**Exercise material:**
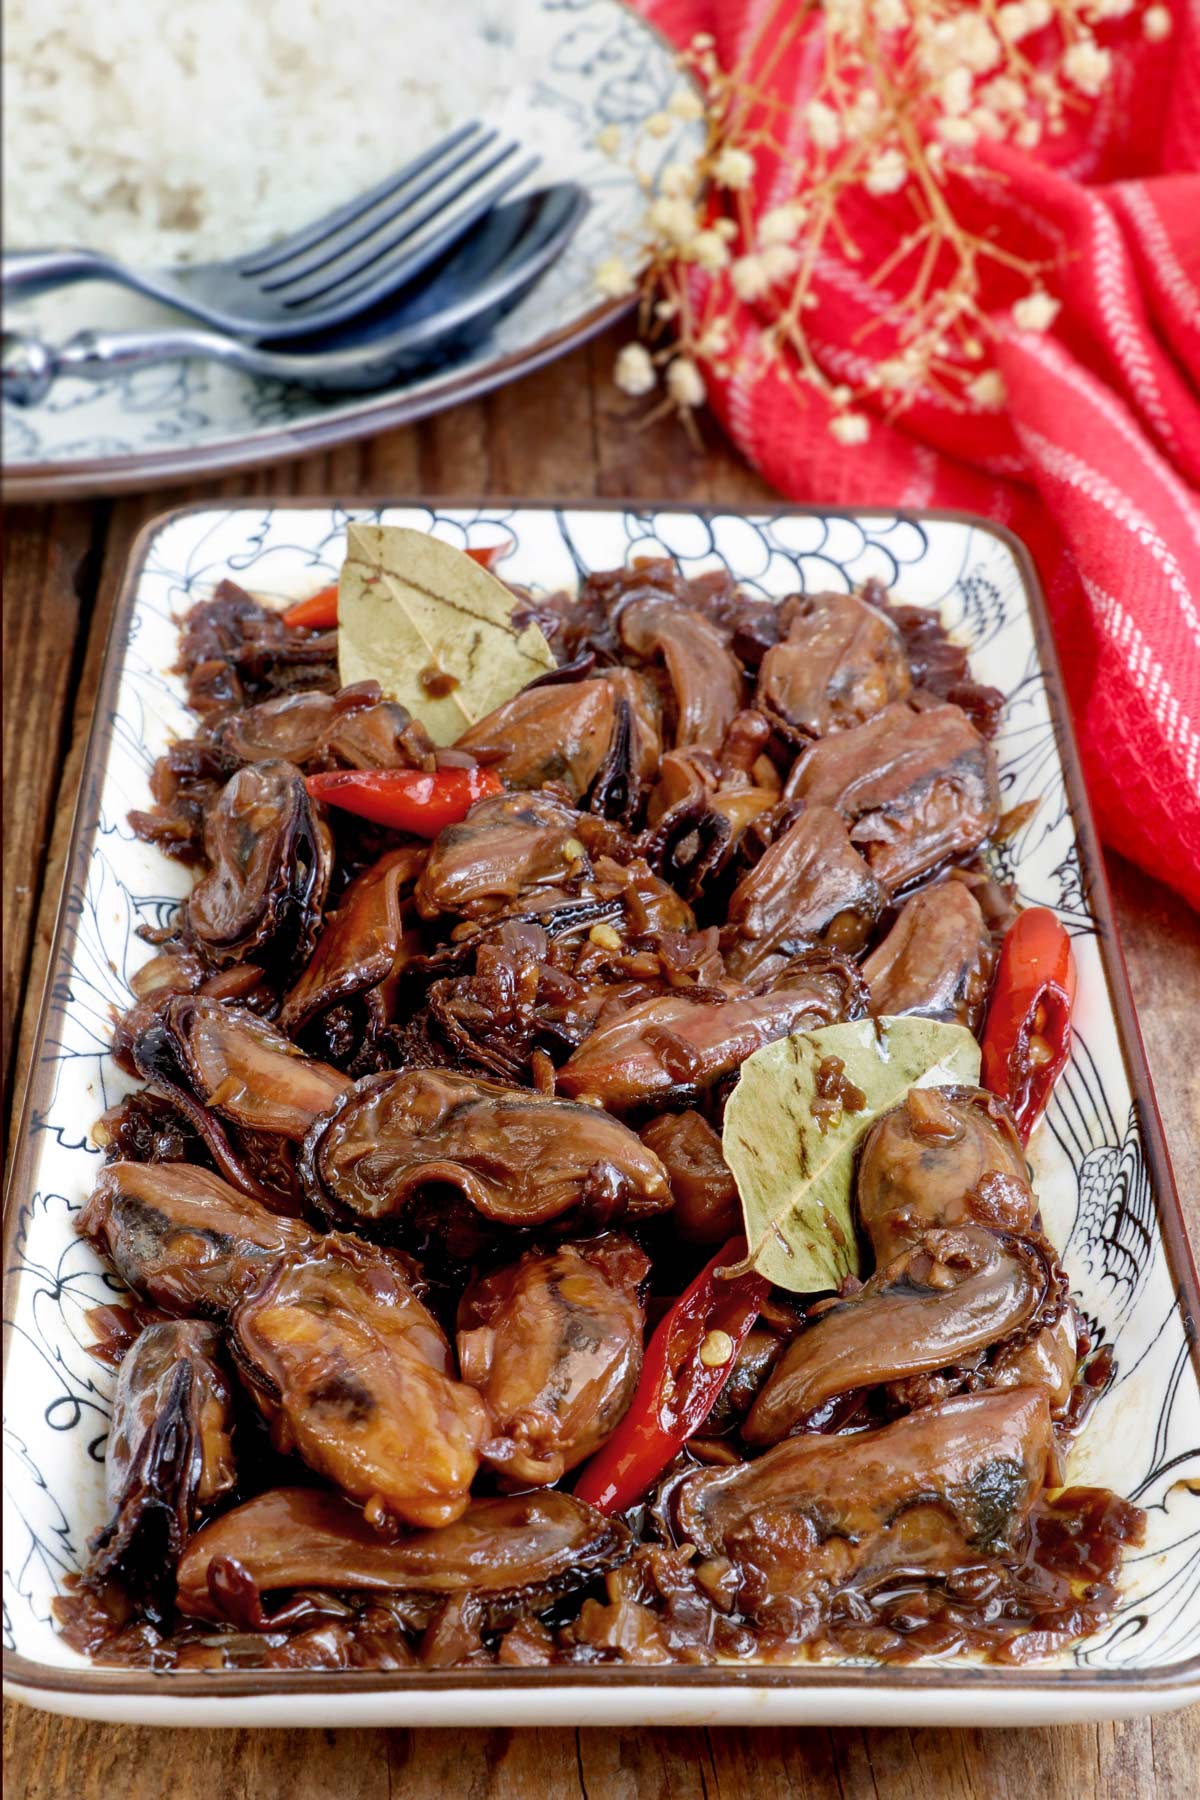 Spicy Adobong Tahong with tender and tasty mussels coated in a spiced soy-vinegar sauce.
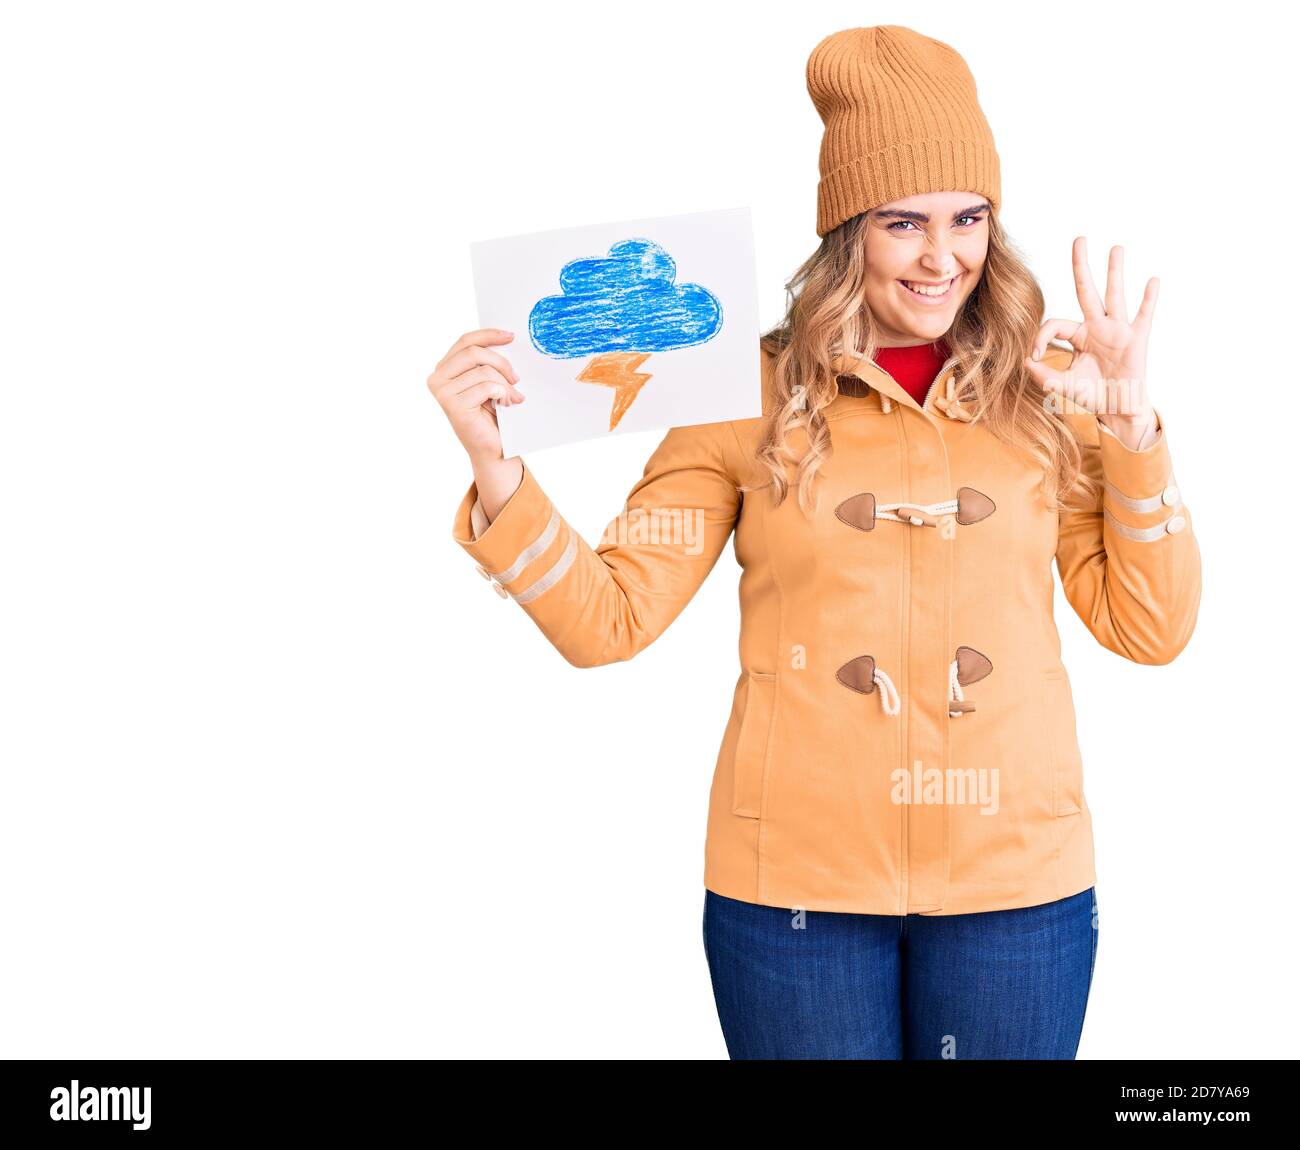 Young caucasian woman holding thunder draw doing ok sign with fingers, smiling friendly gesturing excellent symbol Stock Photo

...

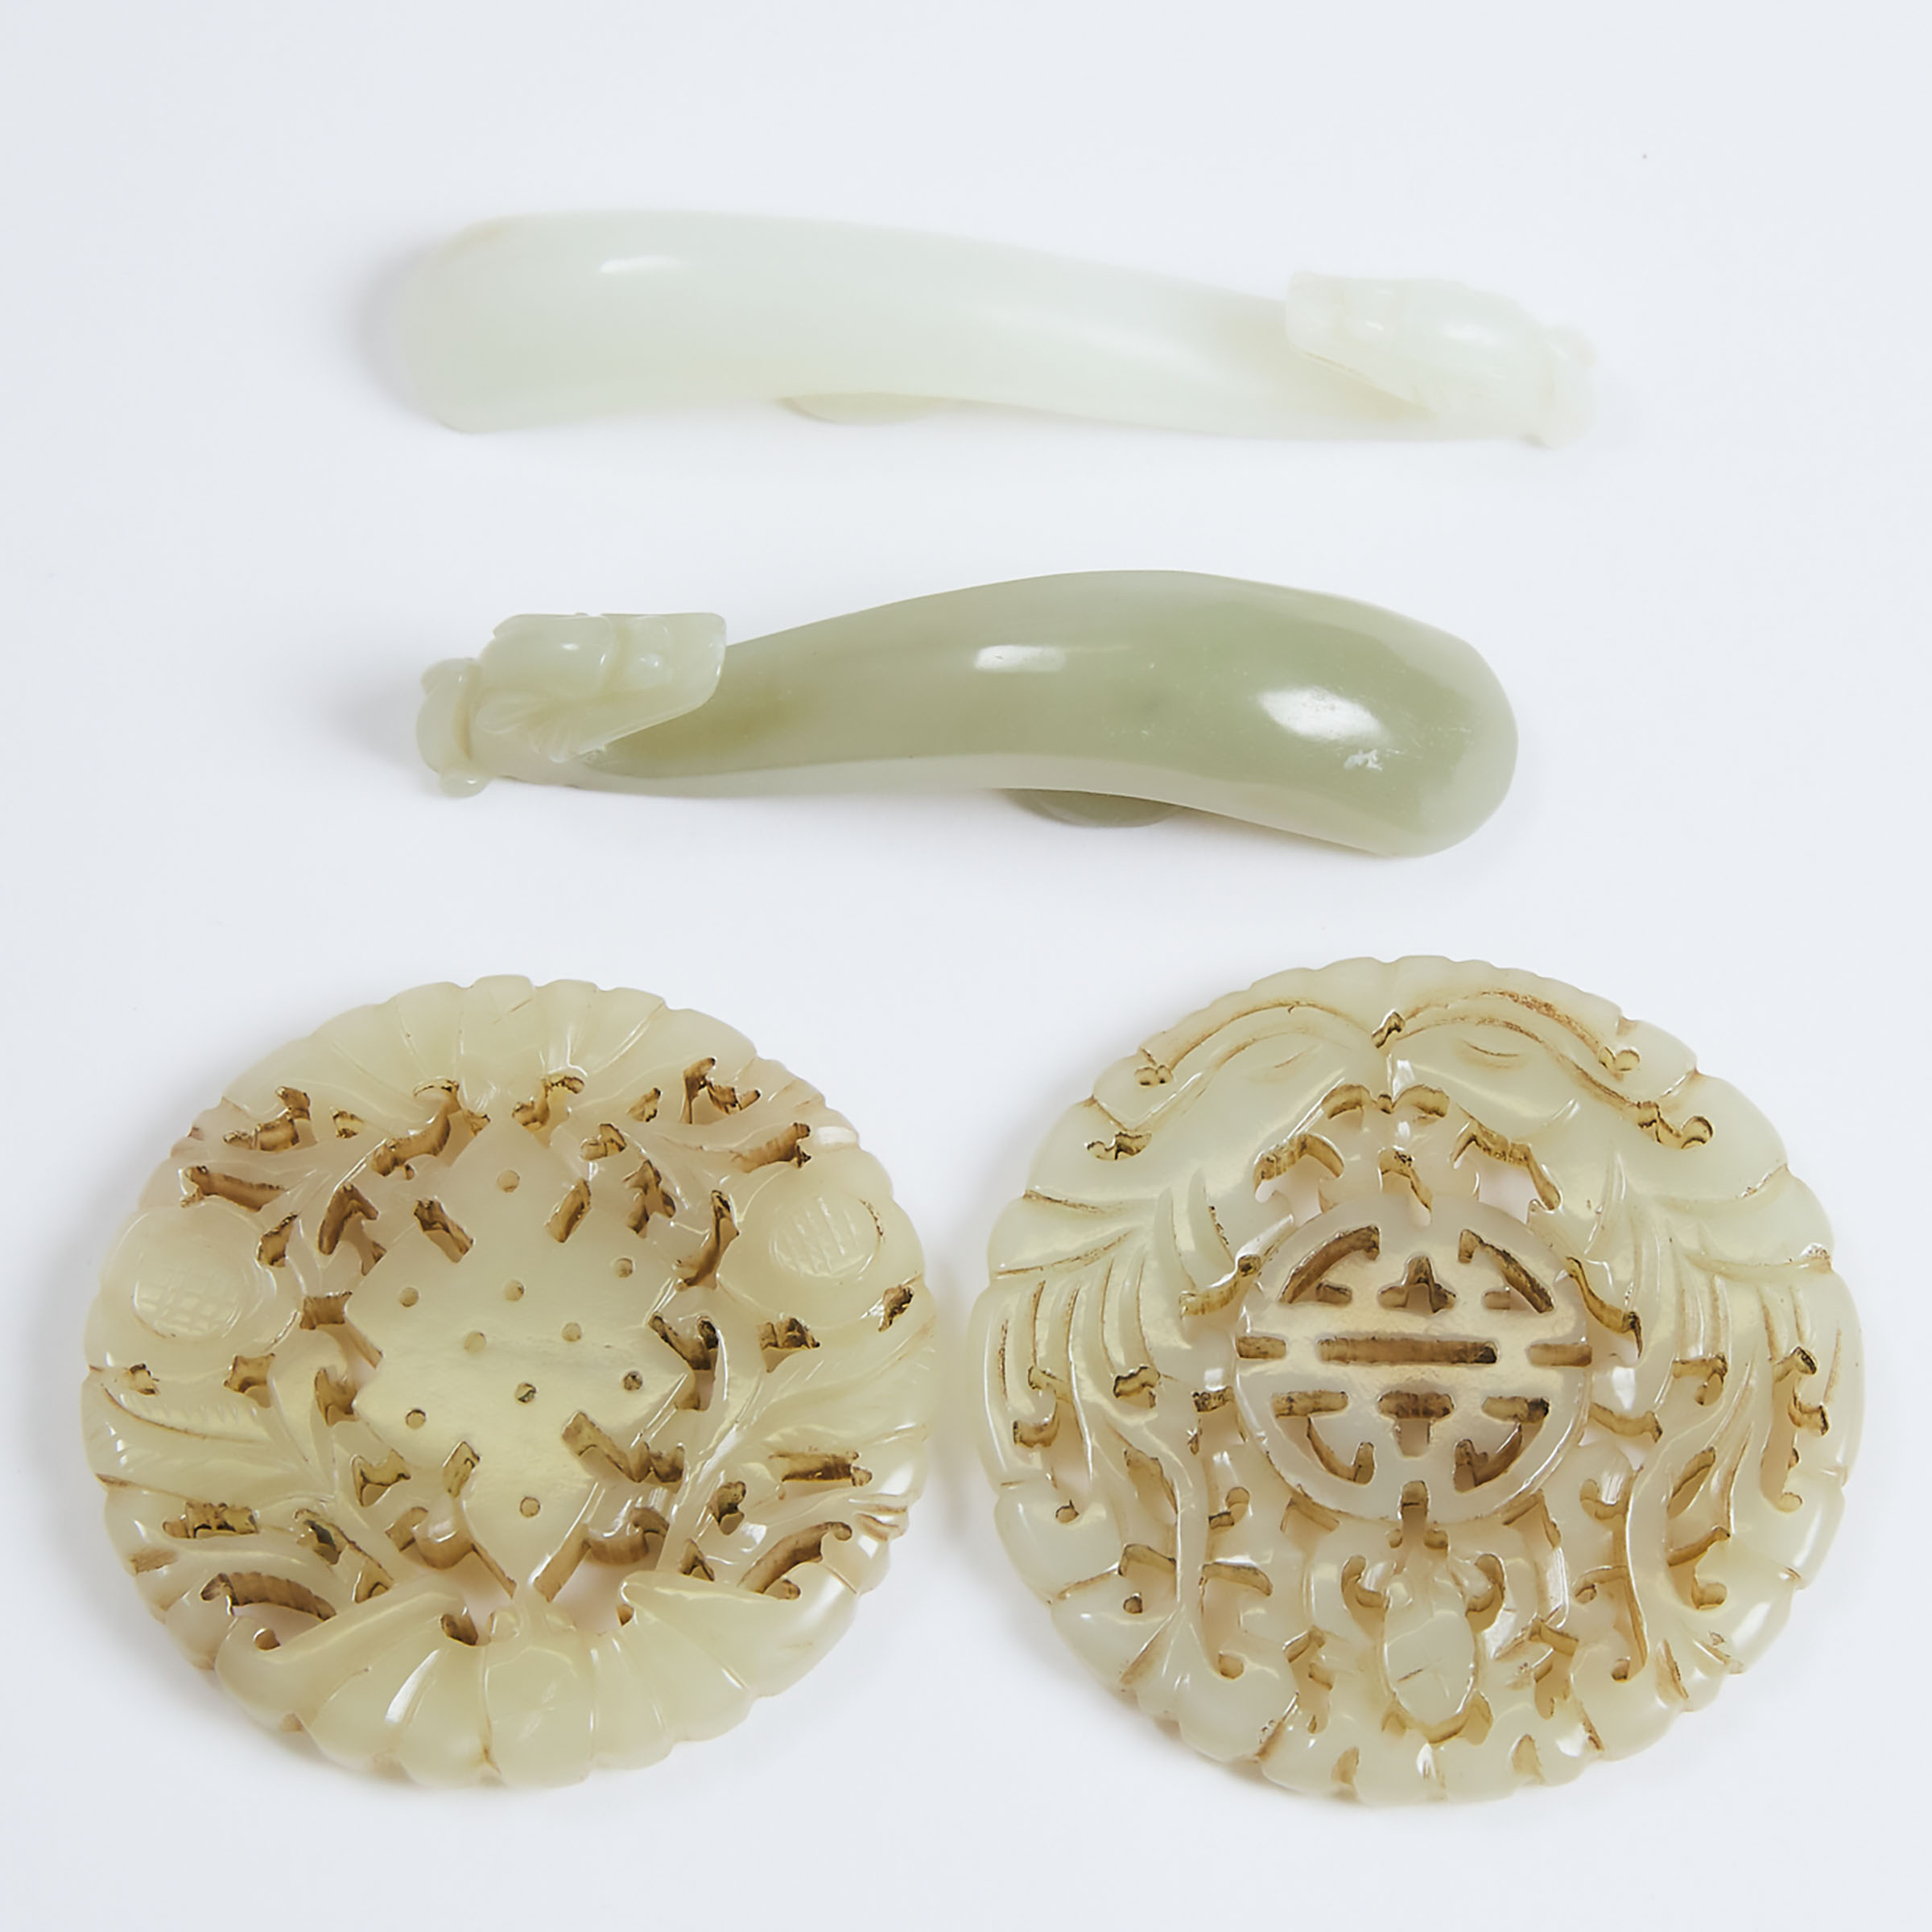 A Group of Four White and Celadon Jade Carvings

--

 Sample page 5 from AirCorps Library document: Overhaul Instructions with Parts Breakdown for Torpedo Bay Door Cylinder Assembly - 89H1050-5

**Problem:** Pictures aside, print exactly the lines above starting with the one containing "Spicy Adobong Tahong" and going on through the one containing "Young caucasian woman".

**Written reply:**
 Spicy Adobong Tahong with tender and tasty mussels coated in a spiced soy-vinegar sauce.
 Young caucasian woman holding thunder draw doing ok sign with fingers, smiling friendly gesturing excellent symbol Stock Photo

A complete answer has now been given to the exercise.